(Exercise prompt) Take every line from the entries below that includes the word "фото" and copy it.

━━━ Source material ━━━

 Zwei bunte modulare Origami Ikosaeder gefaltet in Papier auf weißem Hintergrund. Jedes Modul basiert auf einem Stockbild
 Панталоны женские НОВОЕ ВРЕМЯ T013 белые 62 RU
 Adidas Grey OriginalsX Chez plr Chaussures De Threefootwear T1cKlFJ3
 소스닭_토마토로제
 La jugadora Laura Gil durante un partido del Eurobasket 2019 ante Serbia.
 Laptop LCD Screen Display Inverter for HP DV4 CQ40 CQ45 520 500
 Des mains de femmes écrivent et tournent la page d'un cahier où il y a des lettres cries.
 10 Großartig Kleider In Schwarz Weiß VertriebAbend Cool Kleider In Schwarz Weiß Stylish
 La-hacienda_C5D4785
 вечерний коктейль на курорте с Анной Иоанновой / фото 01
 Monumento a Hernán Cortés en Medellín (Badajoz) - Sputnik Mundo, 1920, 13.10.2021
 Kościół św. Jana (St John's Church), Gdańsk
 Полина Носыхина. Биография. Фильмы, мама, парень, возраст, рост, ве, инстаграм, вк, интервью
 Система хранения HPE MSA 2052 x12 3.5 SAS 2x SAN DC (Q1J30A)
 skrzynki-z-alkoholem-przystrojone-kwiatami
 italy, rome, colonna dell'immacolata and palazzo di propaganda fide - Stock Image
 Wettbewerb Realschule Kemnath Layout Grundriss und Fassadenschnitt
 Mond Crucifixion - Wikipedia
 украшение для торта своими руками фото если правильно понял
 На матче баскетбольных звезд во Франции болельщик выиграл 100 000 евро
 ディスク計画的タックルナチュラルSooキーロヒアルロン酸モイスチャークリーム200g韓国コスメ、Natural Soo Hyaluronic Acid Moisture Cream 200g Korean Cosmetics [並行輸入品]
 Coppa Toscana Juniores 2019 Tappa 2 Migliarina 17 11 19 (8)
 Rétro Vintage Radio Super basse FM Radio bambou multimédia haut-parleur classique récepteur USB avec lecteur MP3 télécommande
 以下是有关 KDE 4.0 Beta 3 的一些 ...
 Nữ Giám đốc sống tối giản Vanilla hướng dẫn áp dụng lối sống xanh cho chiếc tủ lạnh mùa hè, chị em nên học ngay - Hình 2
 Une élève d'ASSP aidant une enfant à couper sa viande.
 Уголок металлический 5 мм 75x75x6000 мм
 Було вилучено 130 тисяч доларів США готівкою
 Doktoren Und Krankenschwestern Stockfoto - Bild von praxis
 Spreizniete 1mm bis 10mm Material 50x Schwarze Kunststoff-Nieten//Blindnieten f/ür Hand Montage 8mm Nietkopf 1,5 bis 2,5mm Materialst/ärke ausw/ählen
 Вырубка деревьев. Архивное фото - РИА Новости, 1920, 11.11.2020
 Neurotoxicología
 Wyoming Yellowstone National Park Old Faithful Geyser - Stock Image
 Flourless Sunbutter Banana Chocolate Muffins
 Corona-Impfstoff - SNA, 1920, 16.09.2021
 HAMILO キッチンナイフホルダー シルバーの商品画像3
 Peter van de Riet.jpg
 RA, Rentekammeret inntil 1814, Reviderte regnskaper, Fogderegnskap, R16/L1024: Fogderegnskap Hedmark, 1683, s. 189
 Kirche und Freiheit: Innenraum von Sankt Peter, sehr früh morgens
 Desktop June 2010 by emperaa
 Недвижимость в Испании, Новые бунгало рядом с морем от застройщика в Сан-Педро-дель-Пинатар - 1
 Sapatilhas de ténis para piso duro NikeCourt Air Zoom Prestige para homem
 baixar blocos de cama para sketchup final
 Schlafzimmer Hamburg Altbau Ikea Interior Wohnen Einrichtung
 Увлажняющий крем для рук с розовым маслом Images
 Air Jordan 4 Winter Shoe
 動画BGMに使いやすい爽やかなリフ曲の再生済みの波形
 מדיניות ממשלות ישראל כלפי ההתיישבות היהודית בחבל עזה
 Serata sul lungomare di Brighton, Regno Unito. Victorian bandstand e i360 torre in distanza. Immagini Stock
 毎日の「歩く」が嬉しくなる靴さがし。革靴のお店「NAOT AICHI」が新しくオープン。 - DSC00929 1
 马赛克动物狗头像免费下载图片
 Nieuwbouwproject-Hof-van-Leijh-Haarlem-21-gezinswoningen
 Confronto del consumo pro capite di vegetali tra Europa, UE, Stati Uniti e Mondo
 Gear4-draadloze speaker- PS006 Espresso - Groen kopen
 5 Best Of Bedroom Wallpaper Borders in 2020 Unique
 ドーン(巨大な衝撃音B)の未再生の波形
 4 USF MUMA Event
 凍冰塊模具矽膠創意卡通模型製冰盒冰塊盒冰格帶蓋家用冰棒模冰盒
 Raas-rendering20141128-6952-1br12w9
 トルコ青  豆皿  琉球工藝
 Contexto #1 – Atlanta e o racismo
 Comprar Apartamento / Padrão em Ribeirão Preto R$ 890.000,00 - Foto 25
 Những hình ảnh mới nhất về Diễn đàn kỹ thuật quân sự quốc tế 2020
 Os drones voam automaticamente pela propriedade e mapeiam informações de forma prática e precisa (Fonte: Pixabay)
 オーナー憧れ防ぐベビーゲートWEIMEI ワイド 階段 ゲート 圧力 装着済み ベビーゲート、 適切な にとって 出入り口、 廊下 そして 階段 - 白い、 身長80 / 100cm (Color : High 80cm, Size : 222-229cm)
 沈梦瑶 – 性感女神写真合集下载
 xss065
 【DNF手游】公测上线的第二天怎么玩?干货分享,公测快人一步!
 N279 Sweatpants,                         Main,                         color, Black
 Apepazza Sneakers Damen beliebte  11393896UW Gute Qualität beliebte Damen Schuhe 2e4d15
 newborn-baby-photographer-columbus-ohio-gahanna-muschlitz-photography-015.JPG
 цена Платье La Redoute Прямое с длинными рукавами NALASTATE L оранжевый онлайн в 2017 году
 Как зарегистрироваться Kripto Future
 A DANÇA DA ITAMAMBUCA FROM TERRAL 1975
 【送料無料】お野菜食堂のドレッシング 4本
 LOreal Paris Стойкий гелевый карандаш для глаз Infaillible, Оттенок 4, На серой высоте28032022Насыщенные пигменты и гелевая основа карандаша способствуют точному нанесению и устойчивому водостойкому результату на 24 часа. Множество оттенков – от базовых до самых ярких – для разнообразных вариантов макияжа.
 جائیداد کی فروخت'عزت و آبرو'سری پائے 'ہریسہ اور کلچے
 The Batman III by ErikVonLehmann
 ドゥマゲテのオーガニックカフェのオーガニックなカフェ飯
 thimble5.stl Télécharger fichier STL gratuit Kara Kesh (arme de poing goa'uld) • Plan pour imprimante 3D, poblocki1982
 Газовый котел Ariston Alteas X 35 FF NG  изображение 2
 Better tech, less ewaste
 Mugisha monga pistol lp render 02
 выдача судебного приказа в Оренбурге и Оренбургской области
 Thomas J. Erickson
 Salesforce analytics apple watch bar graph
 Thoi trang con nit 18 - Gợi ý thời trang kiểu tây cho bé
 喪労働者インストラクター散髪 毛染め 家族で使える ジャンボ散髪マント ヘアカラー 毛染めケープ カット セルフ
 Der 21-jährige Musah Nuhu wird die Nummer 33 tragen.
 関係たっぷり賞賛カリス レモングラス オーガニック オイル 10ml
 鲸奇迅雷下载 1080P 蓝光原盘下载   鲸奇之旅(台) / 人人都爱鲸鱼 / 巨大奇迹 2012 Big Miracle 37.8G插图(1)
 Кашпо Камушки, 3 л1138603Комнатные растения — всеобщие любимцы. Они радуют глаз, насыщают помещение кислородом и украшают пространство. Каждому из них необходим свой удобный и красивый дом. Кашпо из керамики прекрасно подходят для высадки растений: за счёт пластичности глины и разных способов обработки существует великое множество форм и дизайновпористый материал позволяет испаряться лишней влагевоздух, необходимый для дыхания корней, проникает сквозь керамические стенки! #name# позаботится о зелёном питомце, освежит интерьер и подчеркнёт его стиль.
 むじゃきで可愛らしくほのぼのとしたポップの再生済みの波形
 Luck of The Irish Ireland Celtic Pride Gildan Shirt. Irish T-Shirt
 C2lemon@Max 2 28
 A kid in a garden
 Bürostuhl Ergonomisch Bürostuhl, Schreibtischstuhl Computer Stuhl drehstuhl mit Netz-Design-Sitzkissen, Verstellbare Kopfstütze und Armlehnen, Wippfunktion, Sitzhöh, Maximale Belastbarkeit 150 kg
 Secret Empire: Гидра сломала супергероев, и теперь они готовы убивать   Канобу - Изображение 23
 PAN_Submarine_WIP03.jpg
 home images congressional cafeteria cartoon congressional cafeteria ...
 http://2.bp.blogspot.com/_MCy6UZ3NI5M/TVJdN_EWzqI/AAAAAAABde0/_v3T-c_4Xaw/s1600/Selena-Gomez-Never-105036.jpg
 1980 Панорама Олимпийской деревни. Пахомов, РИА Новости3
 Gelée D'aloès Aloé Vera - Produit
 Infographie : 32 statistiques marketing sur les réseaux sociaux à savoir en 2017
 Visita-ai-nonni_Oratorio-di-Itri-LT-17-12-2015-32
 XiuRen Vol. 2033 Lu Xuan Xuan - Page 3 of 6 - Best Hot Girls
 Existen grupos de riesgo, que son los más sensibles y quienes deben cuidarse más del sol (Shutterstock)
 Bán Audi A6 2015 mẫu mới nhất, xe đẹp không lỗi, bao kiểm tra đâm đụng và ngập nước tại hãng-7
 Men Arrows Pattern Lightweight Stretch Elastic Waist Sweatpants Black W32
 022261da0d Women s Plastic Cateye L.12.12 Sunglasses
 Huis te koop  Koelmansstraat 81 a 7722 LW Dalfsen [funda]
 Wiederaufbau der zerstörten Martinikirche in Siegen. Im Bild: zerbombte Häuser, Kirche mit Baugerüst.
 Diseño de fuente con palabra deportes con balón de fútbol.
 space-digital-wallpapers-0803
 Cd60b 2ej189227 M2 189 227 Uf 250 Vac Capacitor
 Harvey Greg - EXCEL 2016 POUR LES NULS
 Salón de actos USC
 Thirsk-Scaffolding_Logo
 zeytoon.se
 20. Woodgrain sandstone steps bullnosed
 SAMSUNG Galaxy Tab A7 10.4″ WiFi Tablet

━━━

(Completed exercise)
 вечерний коктейль на курорте с Анной Иоанновой / фото 01
 украшение для торта своими руками фото если правильно понял
 Вырубка деревьев. Архивное фото - РИА Новости, 1920, 11.11.2020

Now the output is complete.